Непосредственно из Свиды он переводит следующие толкования.

Сапог—символ плоти, тела и соответственно означает «вочеловечивание» Христово; он же, однако, означает и «плотское мудрование своея воли».

Крылья голубиные посеребренные— «дарование Святого Духа».

Сион означает небесный Иерусалим и «благочестивое жительство».

Рог—сила, крепость; «рог праведнаго» — «благочестивое мудрование» [330] .

Черные одеяния Максим толкует как «изображение» плача и умерщвления: «плача бо… имертваго жития указ есть внешнее сие черное рубище» (2, 148—149).

330

См.: Буланин Д. М. Указ. соч. С. 158—161.

Напротив, золотые одежды Богоматери [331] означают чистоту и божественные добродетели: «Рясны же златыя сродныя чистоте боготворных добродетелей» (1, 499).

Неопалимая купина в видении Моисея— символ Богоматери. Сама купина (куст) означает «человеческаго естества немощь» (504), сучья—разнообразные грехи человеческие. Огонь, которым горела купина, символизирует божество сына, которое, соединившись с человеческой природой, не спалило (не повредило) ее (504—505).

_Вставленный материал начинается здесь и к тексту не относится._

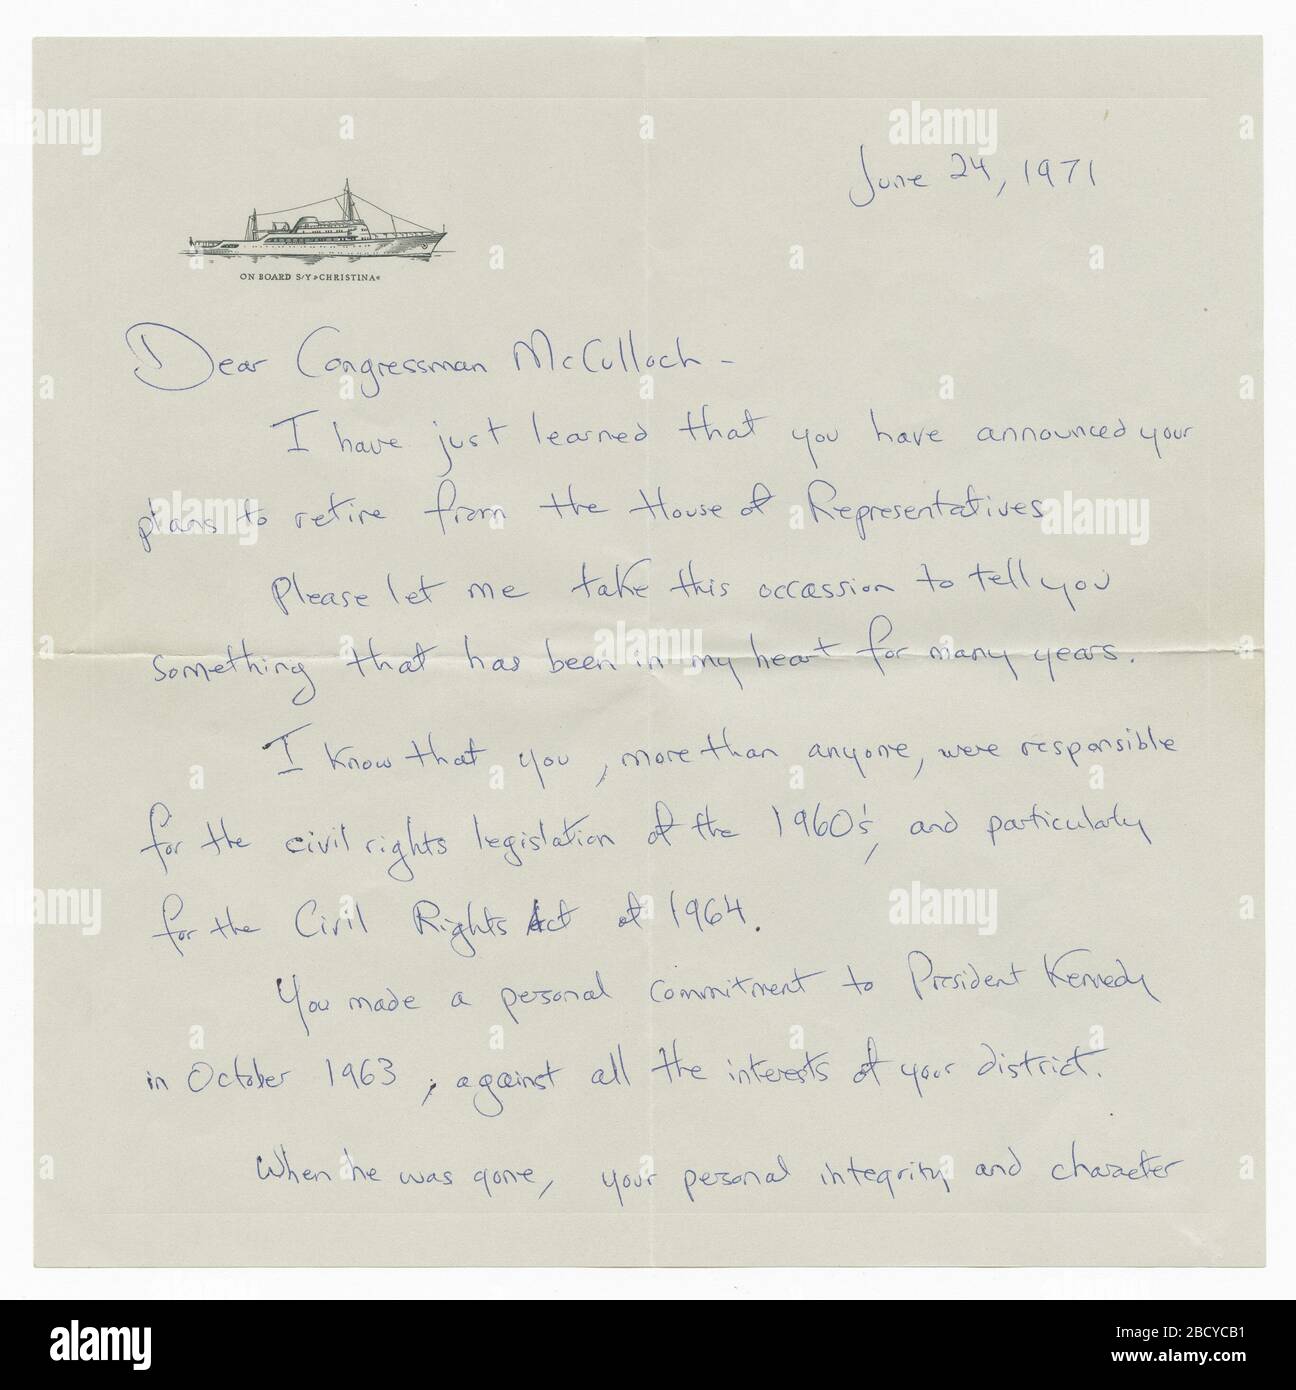 Letter from Jacquelyn Kennedy Onassis to Congressman William McCulloch. This three-page letter (abc) and envelope (d) from Jacquelyn Kennedy Onassis is addressed to Congressman William McCulloch of Ohio. Onassis thanks him for his support of the Civil Rights Act of 1964 and for supporting her husband, President John. F. Kennedy. Letter from Jacquelyn Kennedy Onassis to Congressman William McCulloch Stock Photo

В древнерусской живописи XVI в. была широко распространена сложная символическая композиция «Богоматерь Неопалимая купина».

331

К ней же относит Максим стих: «…стала царица одесную тебя в Офирском золоте» (Пс. 44, 10).

Лилия символизирует Троицу, то есть обладает прекрасным запахом и имеет три лепестка. «Родон же аще и той благоуханен и красен есть…», но не является образом Троицы, ибо имеет много лепестков и колючки на стебле, которые символизируют грехи (507).

Орел—символ Христа, а два крыла его означают Ветхий и Новый Заветы (3, 24). Пелены, которыми повит новорожденный, —евангельские заповеди (285) и т. п.

В заключение приведу одно более развернутое описание–толкование символического образа Софии, Премудрости Божией, приписываемое традицией Максиму и имеющее важное значение и для понимания иконографии Софии, и для осмысления места и роли Софии в древнерусской духовной культуре, и для уяснения характера древнерусского символизма.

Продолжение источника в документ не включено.